LibGuides: Research Data and Reproducibility: Sharing Data

Preparing to share

Effective data sharing requires it to be organized, well-documented, and appropriately preserved. Human subjects research requires the informed consent of study participants to share data. Make sure data sharing was mentioned in your IRB and informed consent forms. It is also crucial to de-identify data prior to sharing to reduce the risk of identifying individuals in datasets.

Guidance on the HIPAA Privacy Rule in Research
Details the HIPAA Privacy Rule, which outlines the circumstances under which covered entities may use or disclose protected health information for research.
Preparing raw clinical data for publication
Many peer reviewed journals now require authors to be prepared to share their raw, unprocessed data with other scientists or state the availability of raw data in published articles, but little information on how such data should be prepared for sharing has emerged. Iain Hrynaszkiewicz and colleagues propose a minimum standard for de-identifying datasets to ensure patient privacy when sharing clinical research data in this article from the BMJ.
J-PAL Guide to De-Identifying Data
Researchers who plan to publish data on human subjects should take careful steps to protect the confidentiality of study participants through data de-identification—a process that reduces the risk of re-identifying individuals within a given dataset. This guide provides further details on the de-identification process, including various procedures for de-identifying a dataset, a list of common identifiers that need to be reviewed, and sample code that can be used to de-identify data intended for publication.
Guide for De-identifying Qualitative Research
A guide from the Qualitative Data Repository that discusses different types of potential identifiers and how to deal with them when sharing research data.

When you share your data, you need to choose a license. A license tells others exactly how they can use your data and how to give you credit.

Licensing data is different from licensing other open access materials. Because datasets are often combined, reused, and built from many sources, requiring detailed attribution can quickly become complicated and it can make your data harder to reuse. To avoid these issues, many researchers choose a license that doesn’t require attribution, such as CC0 or the Open Data Commons Public Domain Dedication and License (PDDL). These licenses make it easier for others to reuse your data without legal uncertainty.

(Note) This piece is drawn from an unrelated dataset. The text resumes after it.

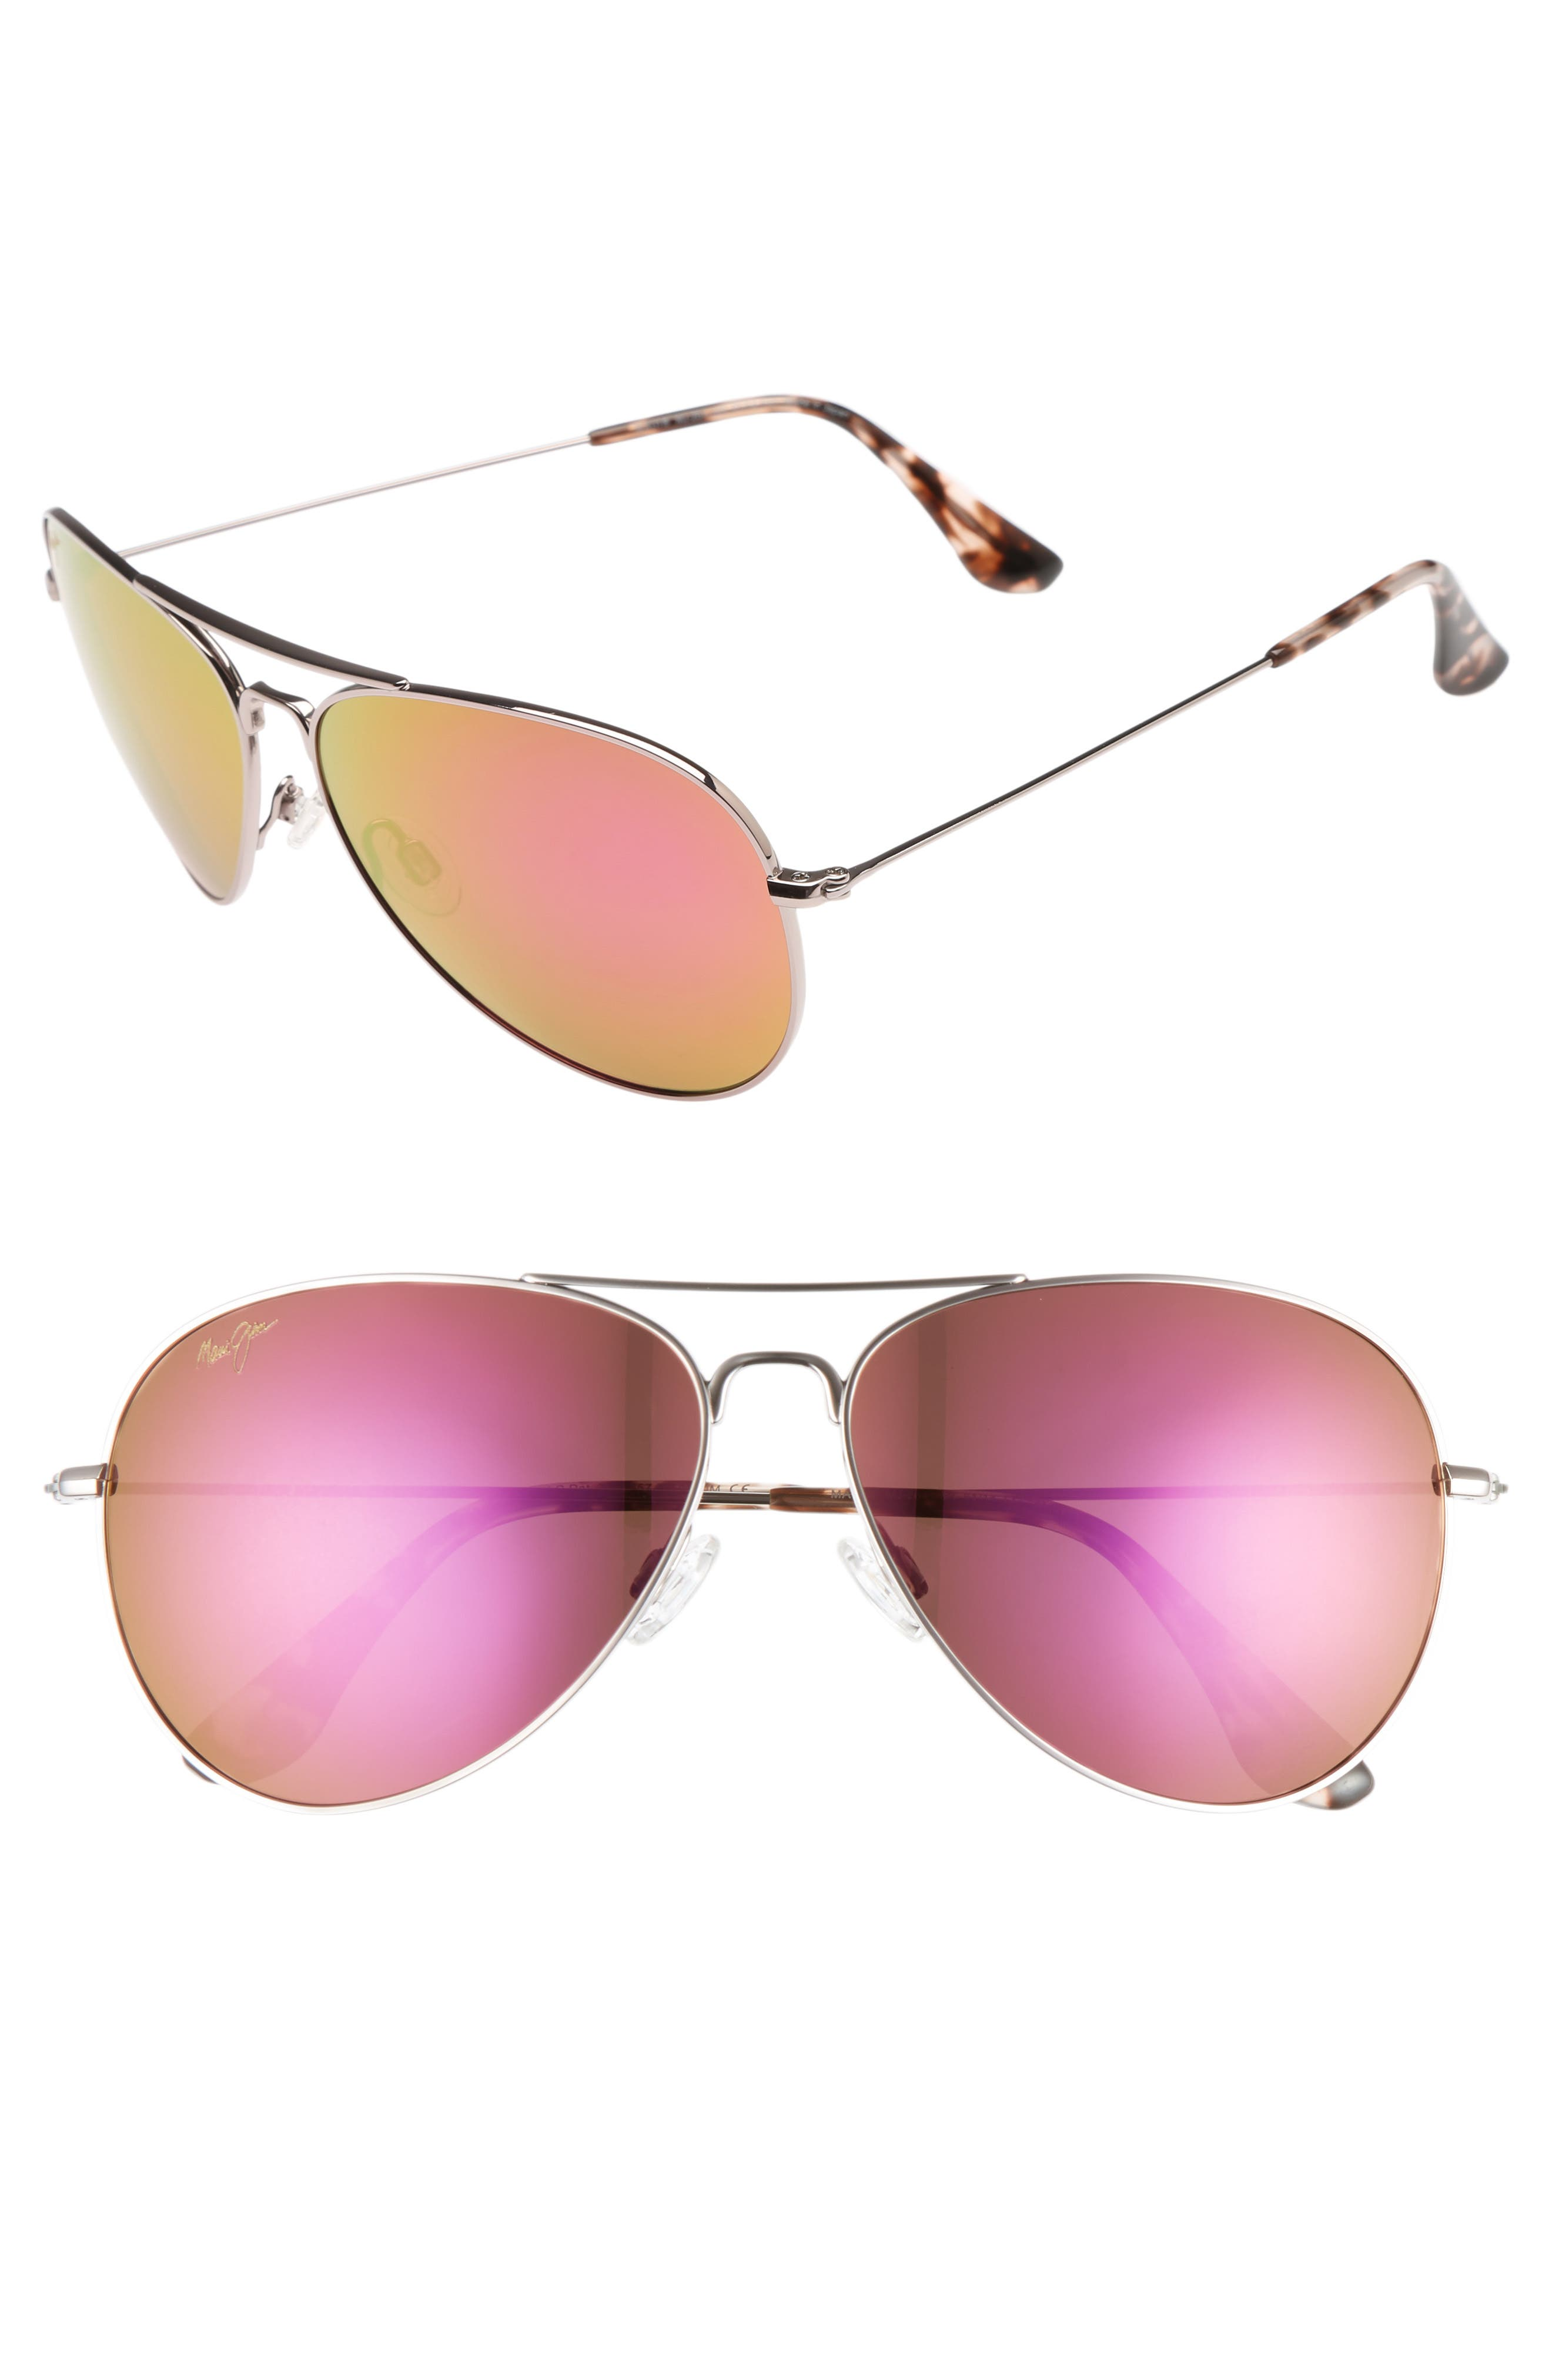 Main Image - Maui Jim Mavericks 61mm PolarizedPlus2® Aviator Sunglasses

The resources linked below can help you understand what needs to be considered when licensing your data.

Contact Technology Transfer if you have intellectual property questions about your data.

Contact the Library if you have questions about specific licenses.

Licensing Open Data: Resources and Practices
A very thorough discussion of data licensing by Peri Weisberg of DataSF.
DCC: How to License Research Data
This detailed guide from the Digital Curation Centre (DCC) covers the rationale for licensing data, licensing concepts, types of licenses, and mechanisms for licensing data.

Open Data Commons
Open Data Commons is the home of a set of legal tools and licenses to help you publish, provide and use open data.
Public Domain tools from Creative Commons
Information about CC0 and the Public Domain Mark, two popular ways to identify datasets in the public domain.

Where can data be shared?

Domain Specific Repositories

The NIH supports a large number of domain-specific data sharing repositories. These repositories are described in two lists: one for repositories that allow open submission and access and one for repositories that may restrict submission and access to specific researchers. If available, best practices and many policies dictate that data should be shared via domain-specific repositories.

Generalist Repositories

The repositories listed below accept datasets from all research disciplines and are appropriate when a domain-specific repository does not exist. They also accept deposits of other scholarly outputs, such as preprints and software. Consider consulting with generalist repository comparison chart produced by the NIH to help you decide which repository is right for your data. The Library also offers data sharing consultations where you can receive expert guidance on where to share your data!

Zenodo: general-purpose open-access repository operated by CERN. It allows researchers to deposit research papers, datasets, research software, reports, and many other types of research outputs.
Figshare: online open access repository where researchers can preserve and share their research outputs, including figures, datasets, images, and videos. It is free to upload content and free to access.
Open Science Framework (OSF): open source software project that facilitates open collaboration in science research. It can be used for both research data management and research project management.
Harvard Dataverse: free data repository open to all researchers from any discipline, both inside and outside of the Harvard community, where you can share, archive, cite, access, and explore research data.
Mendeley Data: open repository for sharing research data and a search engine that indexes both domain-specific and cross-domain data repositories.
Dryad: international open-access repository of research data. It is free to access, but submission may involve a Data Publishing Charge (DPC).
Vivli: global clinical research data sharing platform from the Center for Global Clinical Research Data.